The Esplanade runs for c 1km along the cliff top, to the west of the gardens. From here, spectacular views are afforded, now (2000) obscured in parts by vegetation. The Esplanade is flanked on the west by a sequence of C19 hotels. One of the largest is the Prince of Wales, c 200m south west of the Grand Hall, near the top of the cliff tramway. Its southern elevation overlooks the Prince of Wales Gardens, now open to the public. Further to the south are the Shuttleworth Gardens, c 750m south of the Grand Hall.

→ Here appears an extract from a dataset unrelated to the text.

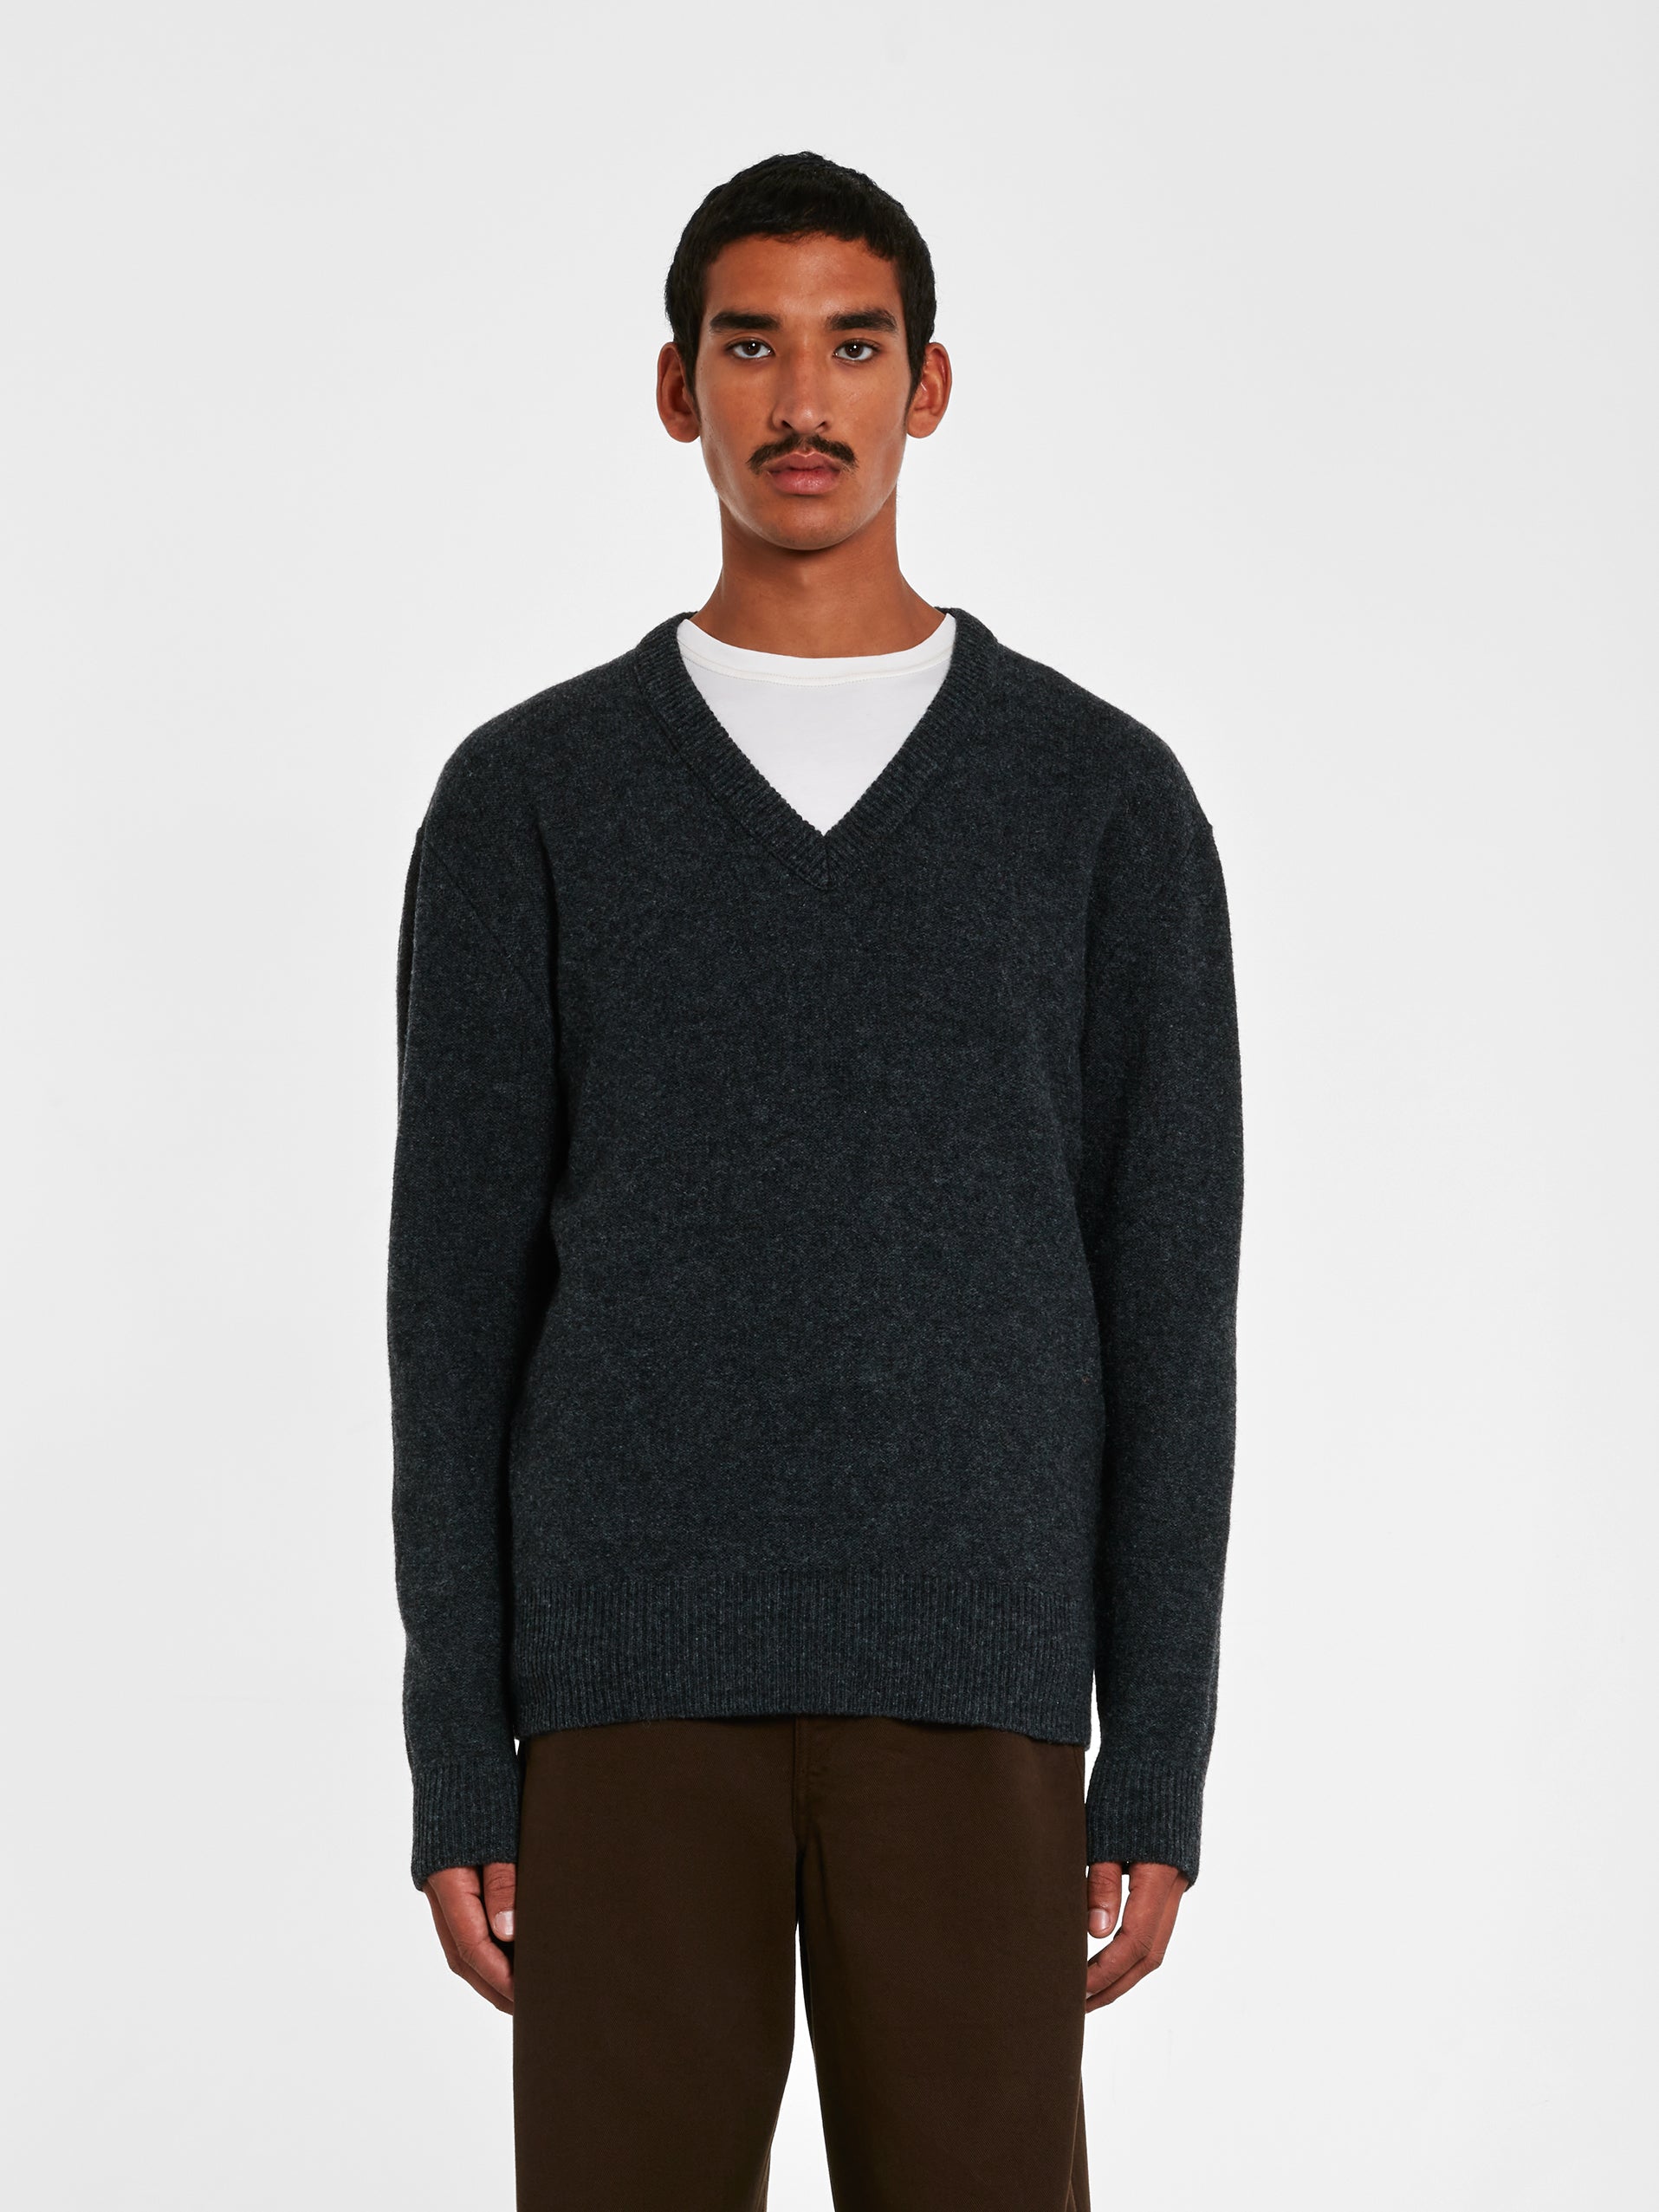 Lemaire - Men’s V-Neck Sweater - (Black) view 1

ENTRANCES AND APPROACHES The gardens are accessible from many directions. Railings and gates control access to the South Cliff from the Esplanade. One highly ornamental, mid C19 cast-iron gate, c 250m north-west of the Grand Hall, is supported by piers in the Egyptian style, in the form of bound reeds or papyrus (listed grade II).

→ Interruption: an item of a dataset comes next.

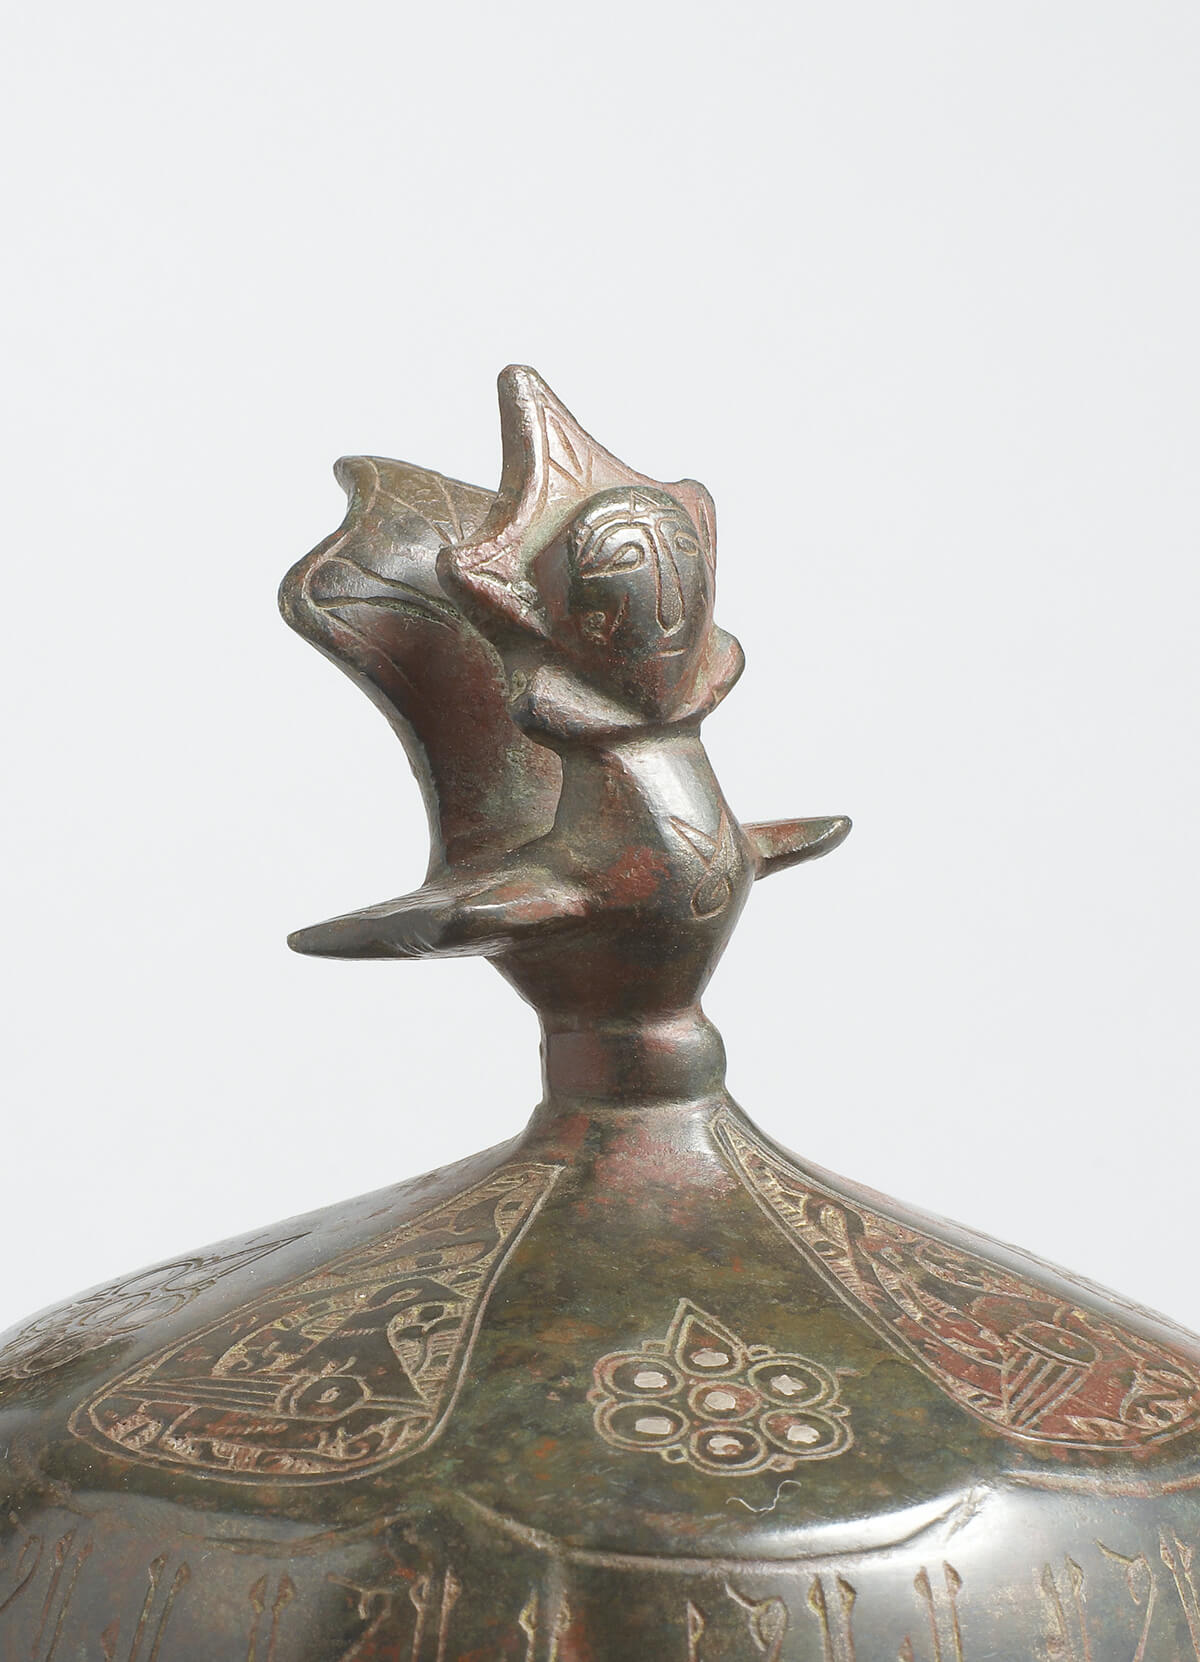 Khorasan covered jug (detail)

PRINCIPAL BUILDINGS There are several significant buildings throughout the gardens. Verity and Hunt's Grand Hall (listed grade II) was formally opened by the Lord Mayor of London in 1880. The stone building, which commands the Spa and the foreshore, is in a Late Renaissance style. The most significant views of the building and its sculptural roofs are afforded from the Esplanade.

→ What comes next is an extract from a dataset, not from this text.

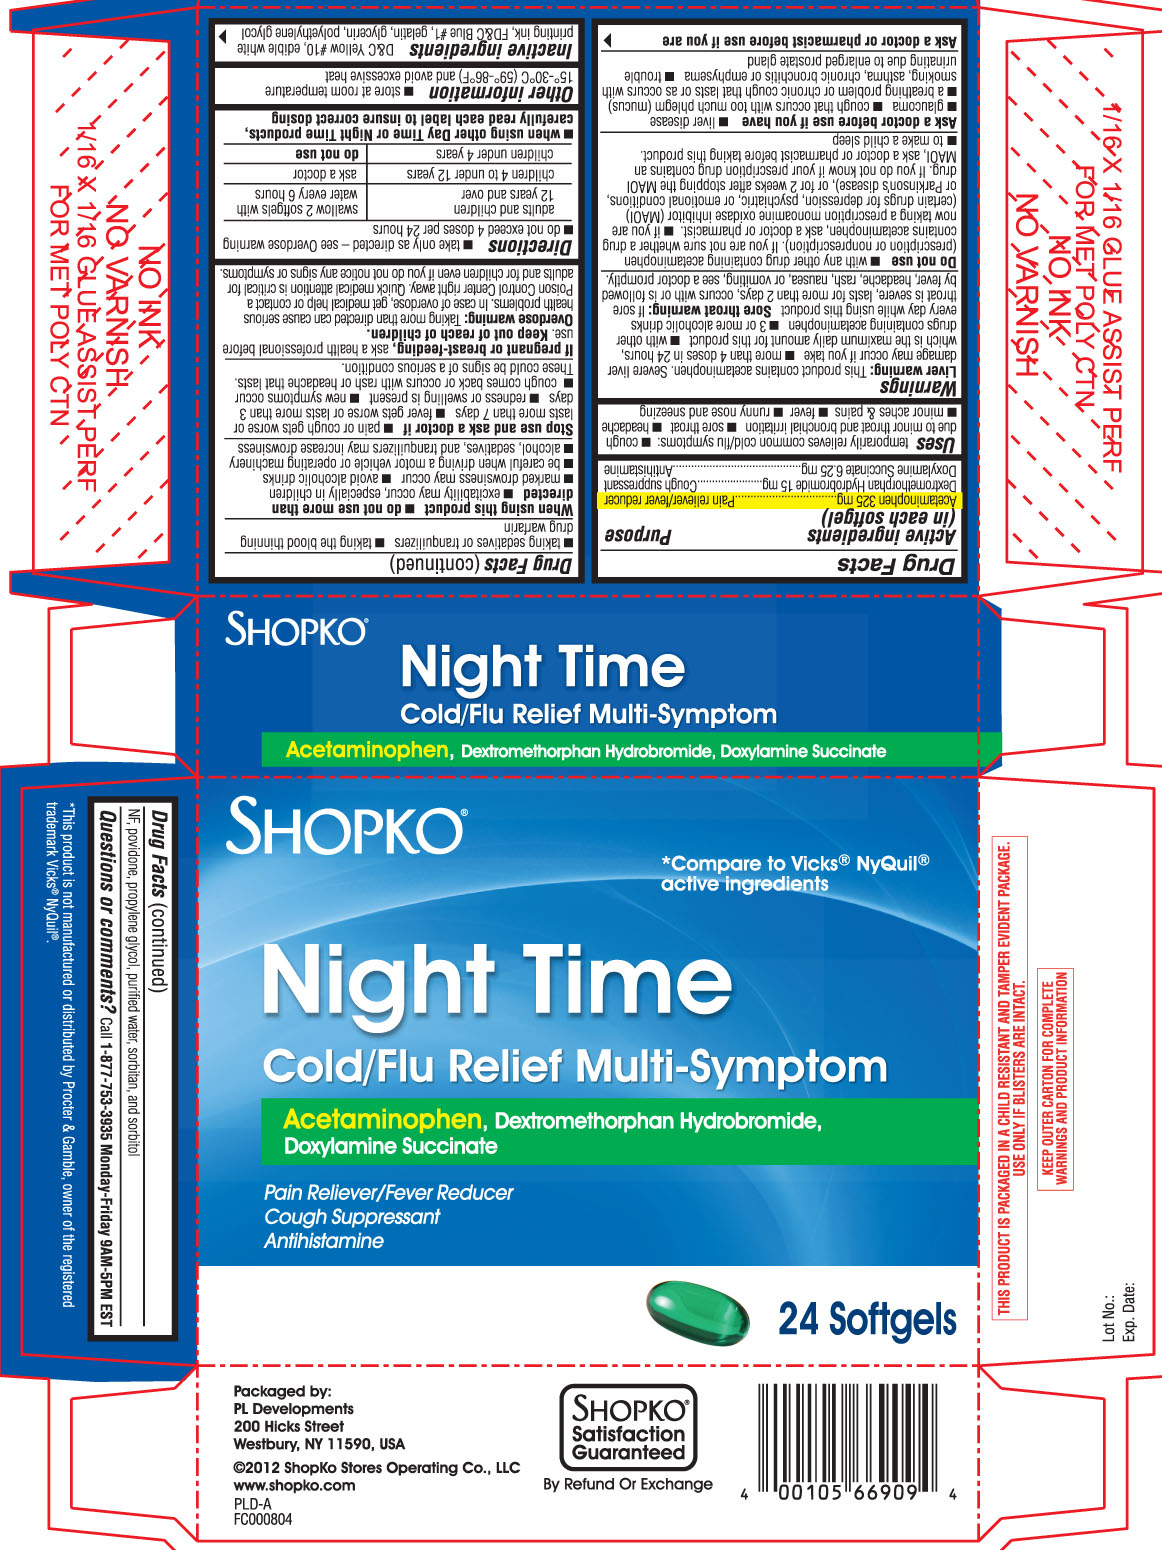 Shopko night time cold/ flu relief

The 1860 Swiss Chalet (listed grade II), standing c 350m north-north-west of the Grand Hall, has a timber first storey above a ground floor of banded black and red brick. It also features diamond-paned casement windows, a decorative timber verandah, and overhanging eaves supported on pierced timber brackets.

Dominant features of the Valley Gardens are the monumental ashlar stone piers and arches carrying the 1862 Valley Bridge and its iron superstructure.

GARDENS AND PLEASURE GROUNDS The gardens, united in public ownership since 1957, include several different elements. At the north end, the Valley Gardens link the town on the west with the foreshore. Along the cliffs to the south lie the Spa and the South Cliff Gardens, which include at least four areas of different character linked by cliff walks. At the top of the cliff, the Esplanade features display beds and, on its west side, the Prince of Wales Gardens and the Shuttleworth Gardens.

The Valley Gardens, which terminate the north end of the registered site, are bisected by Valley Road and pass beneath Valley Bridge. At the west end, on a small island at the centre of the pool, stand the remains of a rustic timber pavilion, probably mid to late C19 in origin. A few metres to the east is a cascade, part of its ornamental rockwork being built up against one of the bridge piers.

Flanking the west side of the Grand Hall are Paxton's Italianate Spa Gardens, dominated by the formality of the balustraded steps and linear paths that zig-zag steeply up the cliff face. The Spa Gardens were formerly ornamented with colourful bedding, of which little remains. To the south, punctuating the serpentine South Cliff walks for c 200m, there are several small early C20 chalets and shelters, characterised by steep, red-tiled roofs. These, now in poor condition (2000), are often placed at the junctions of paths.

The 1880s Rosary is shaded by adjacent vegetation, but the geometric structure is still quite clear. In the 1912 Italian Garden, c 100m to the south of the Rosary, there is a figure of Mercury on a pedestal at the centre of a stone-kerbed lily pool; this is now (2000) a resin copy of the original. To the north and south of the pool, what were rose beds are replaced by bedding displays. Two classical stone summerhouses at the north and south ends of the garden are in poor condition.

The 1912 Tidal Swimming Pool, c 150m east of the Italian Garden, is monumental in scale and sculptural in form; it is overlooked from the cliff top and is surrounded by chalets and dressing huts.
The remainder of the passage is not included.